Stored data Start Marker
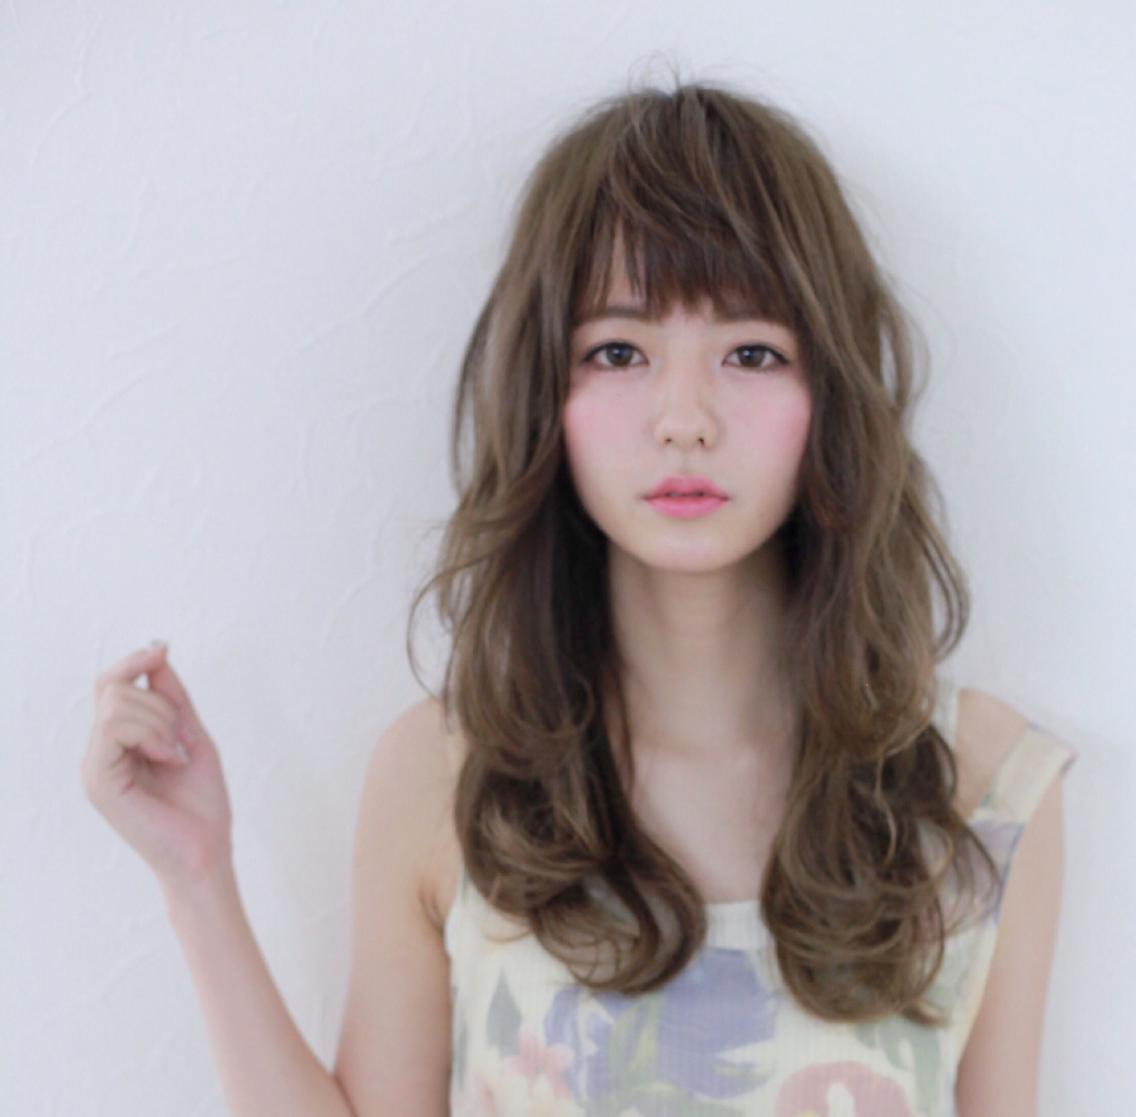 【hair room a-to】地下鉄北大路駅から徒歩3分!minimo限定春特別キャンペーン✨
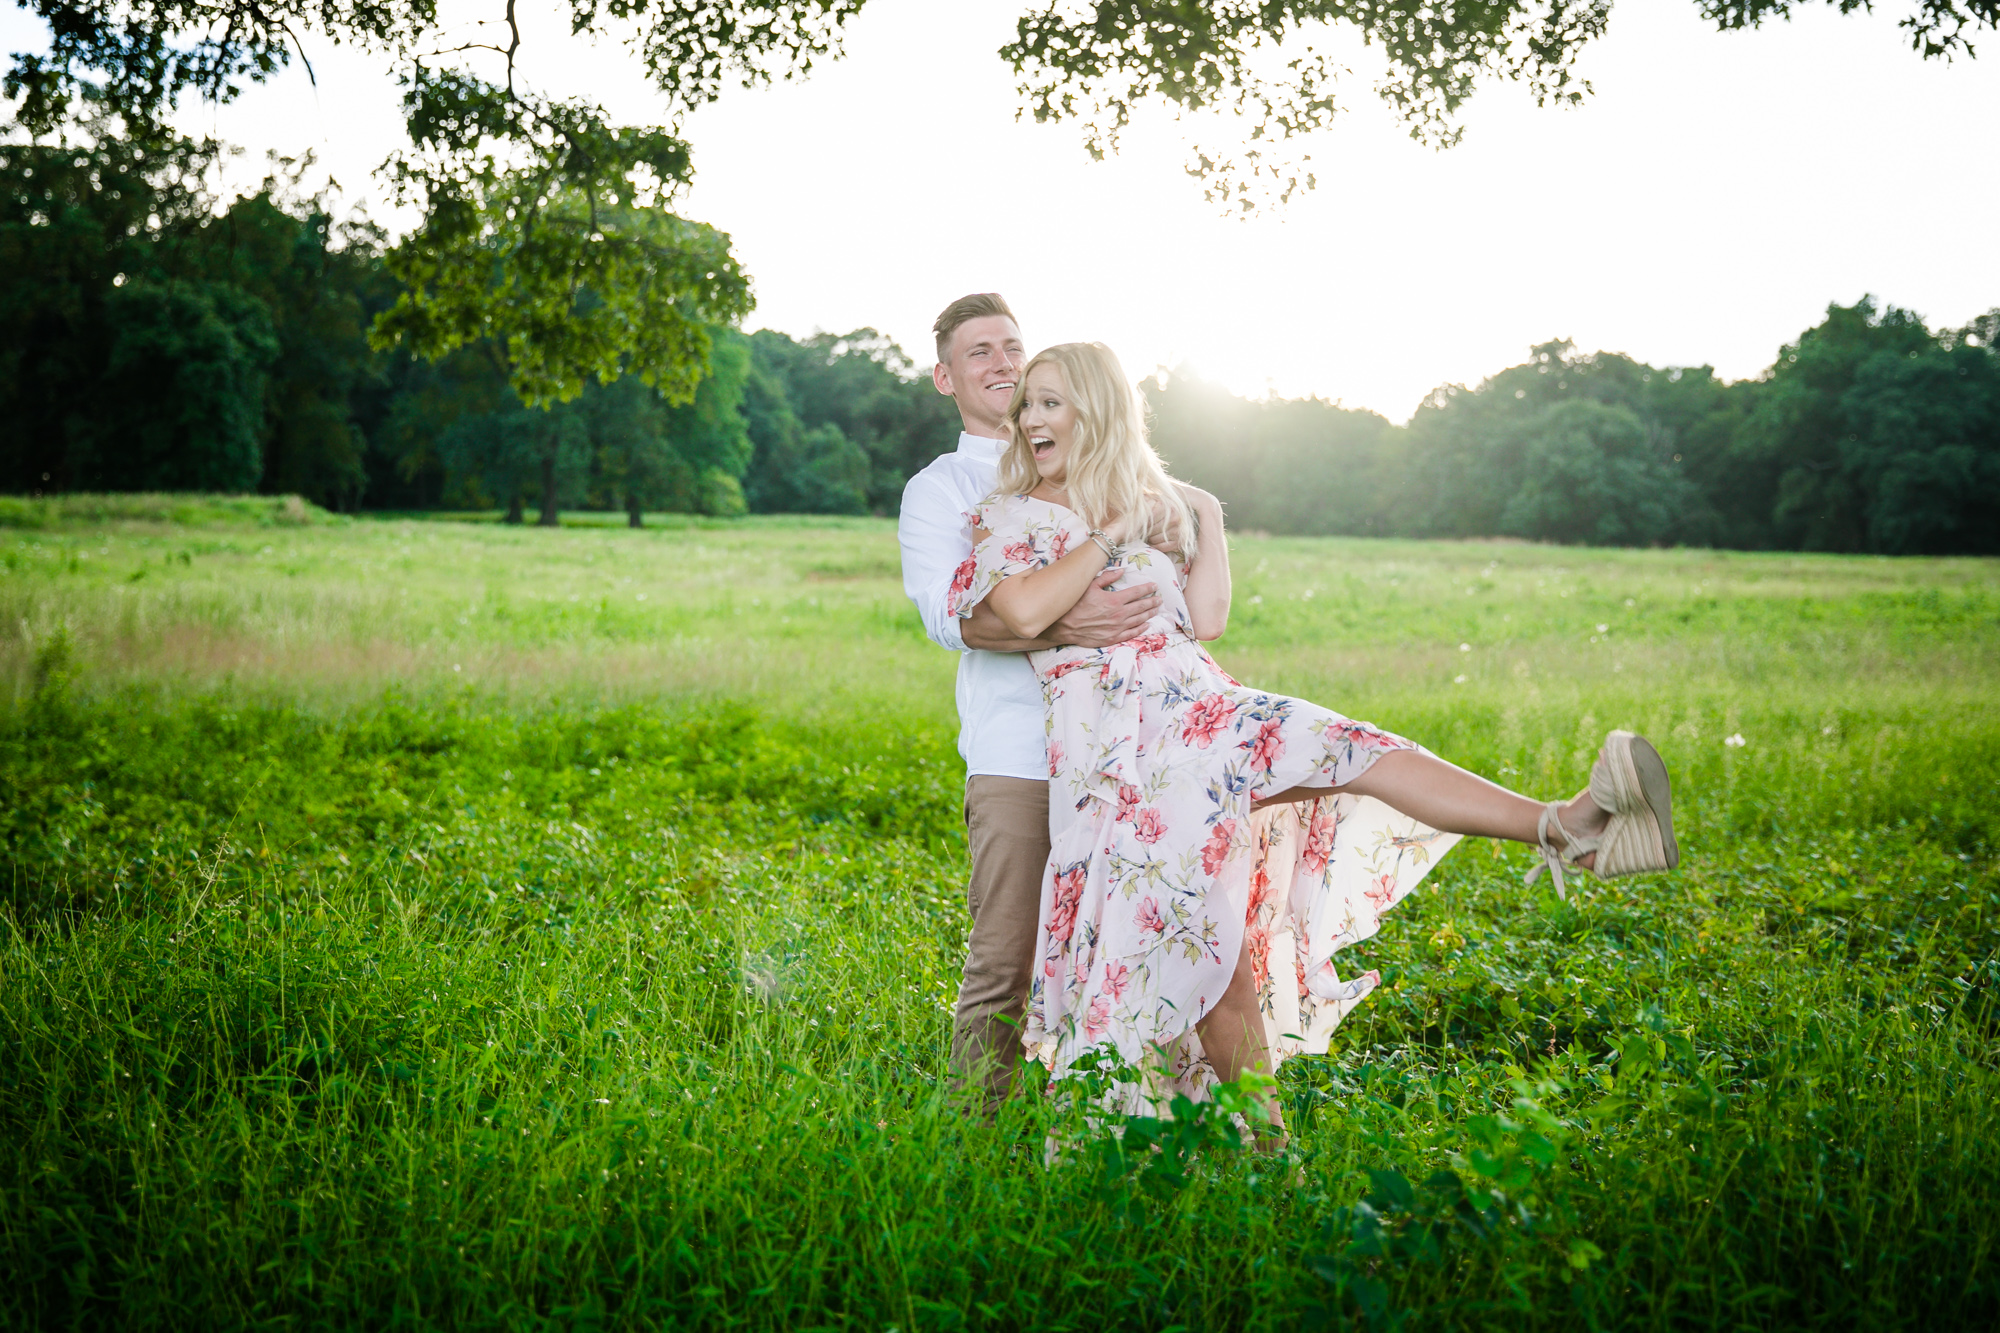 Amanda and Chris - Engagmenet Photos - Valley Forge Park - 026.jpg
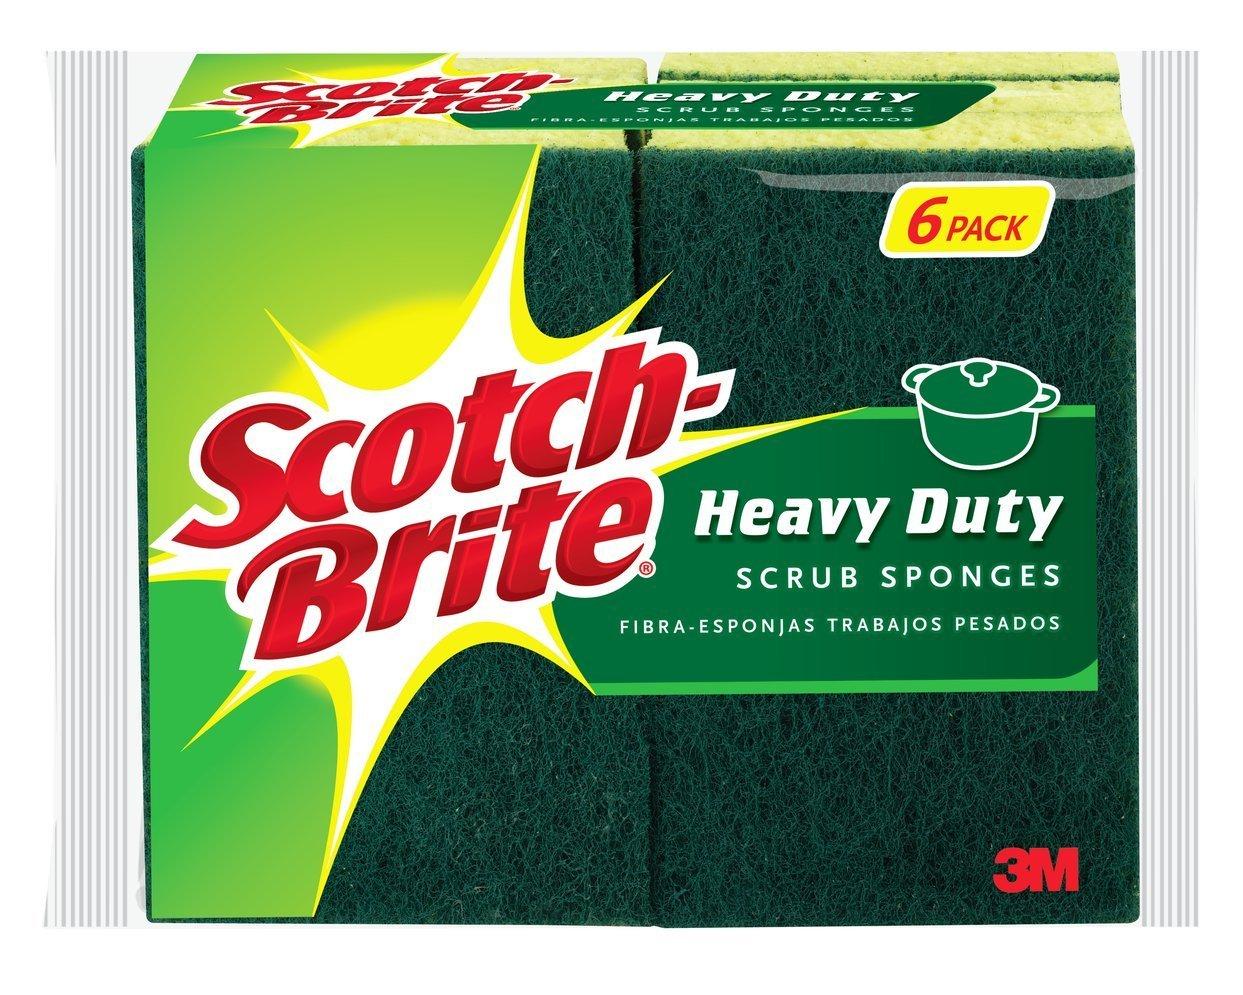 Prime Members: 6-Count Scotch Brite Heavy Duty Scrub Sponge  $2.60 + Free S/H
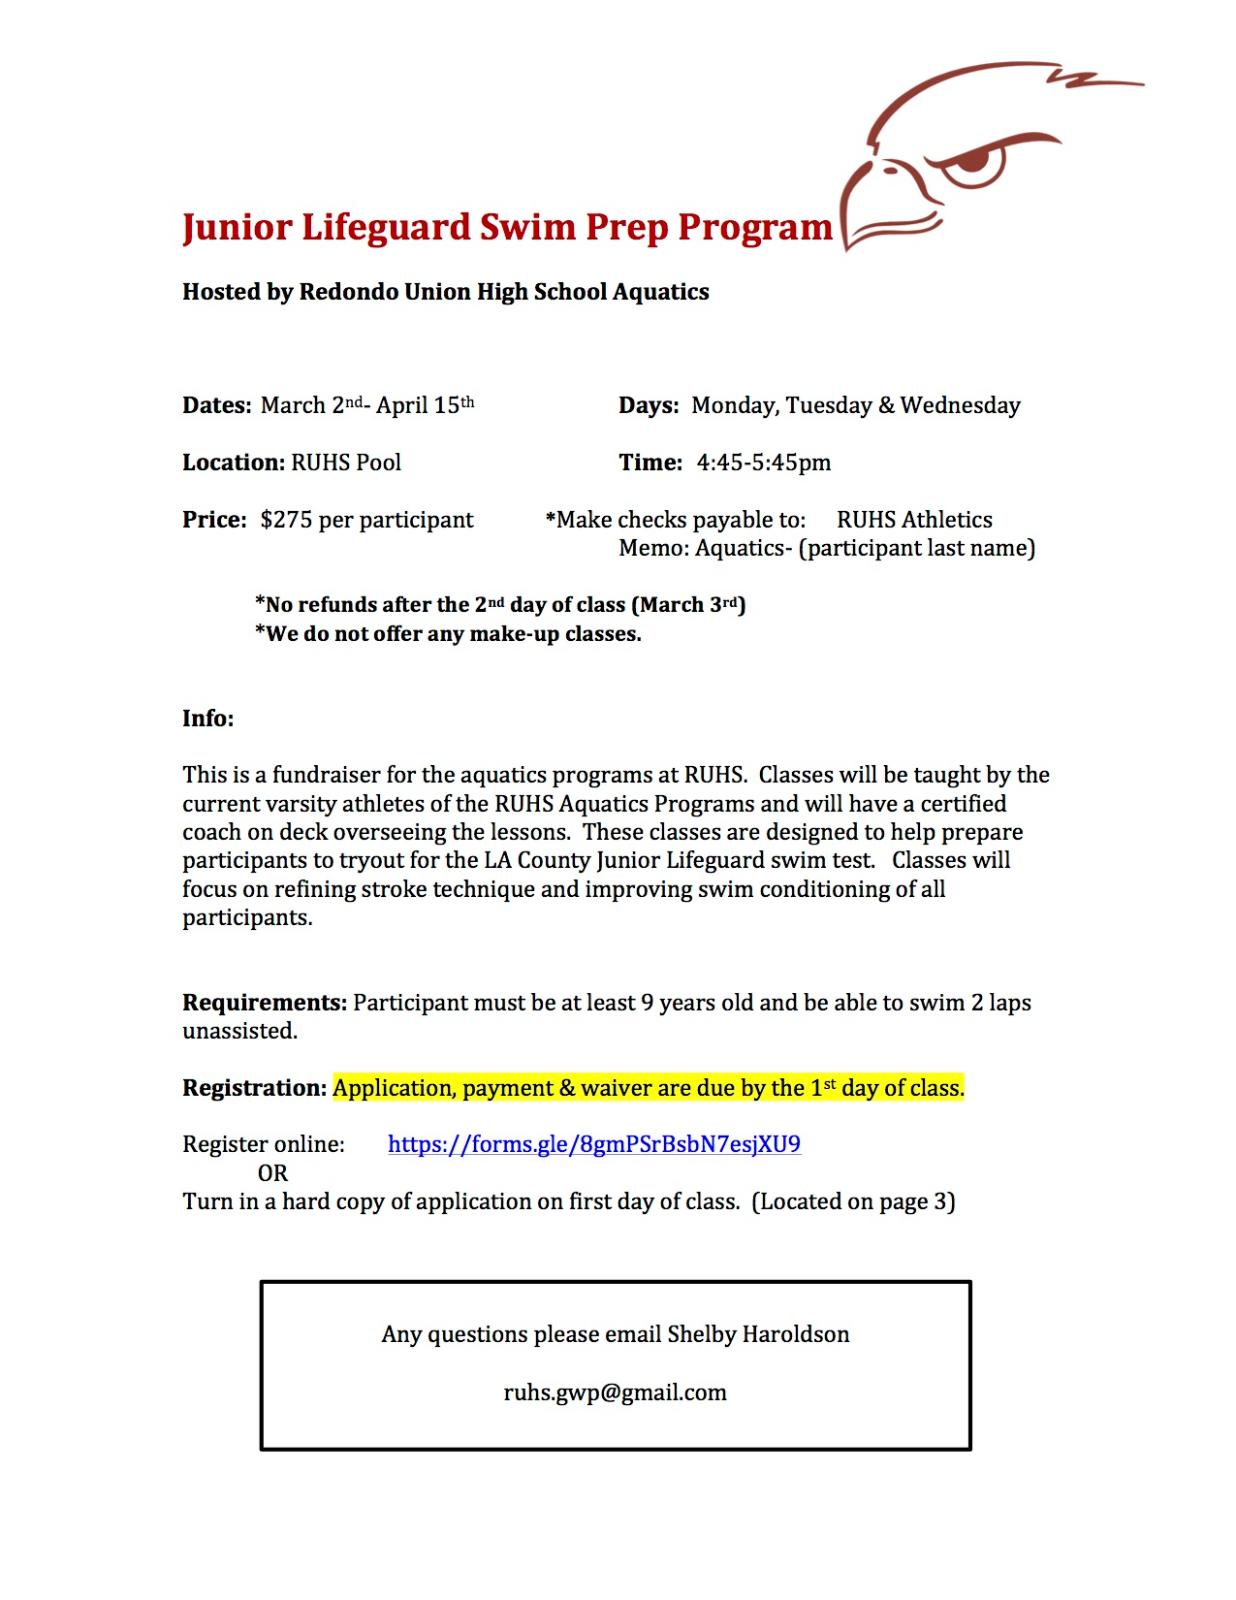 Junior Lifeguard Swim Prep Program
Stored data End Marker
» **Exercise requirements**:
Restate the data word for word, minus any images.

» **Your response**:
 【hair room a-to】地下鉄北大路駅から徒歩3分!minimo限定春特別キャンペーン✨
 Amanda and Chris - Engagmenet Photos - Valley Forge Park - 026.jpg
 Prime Members: 6-Count Scotch Brite Heavy Duty Scrub Sponge  $2.60 + Free S/H
 Junior Lifeguard Swim Prep Program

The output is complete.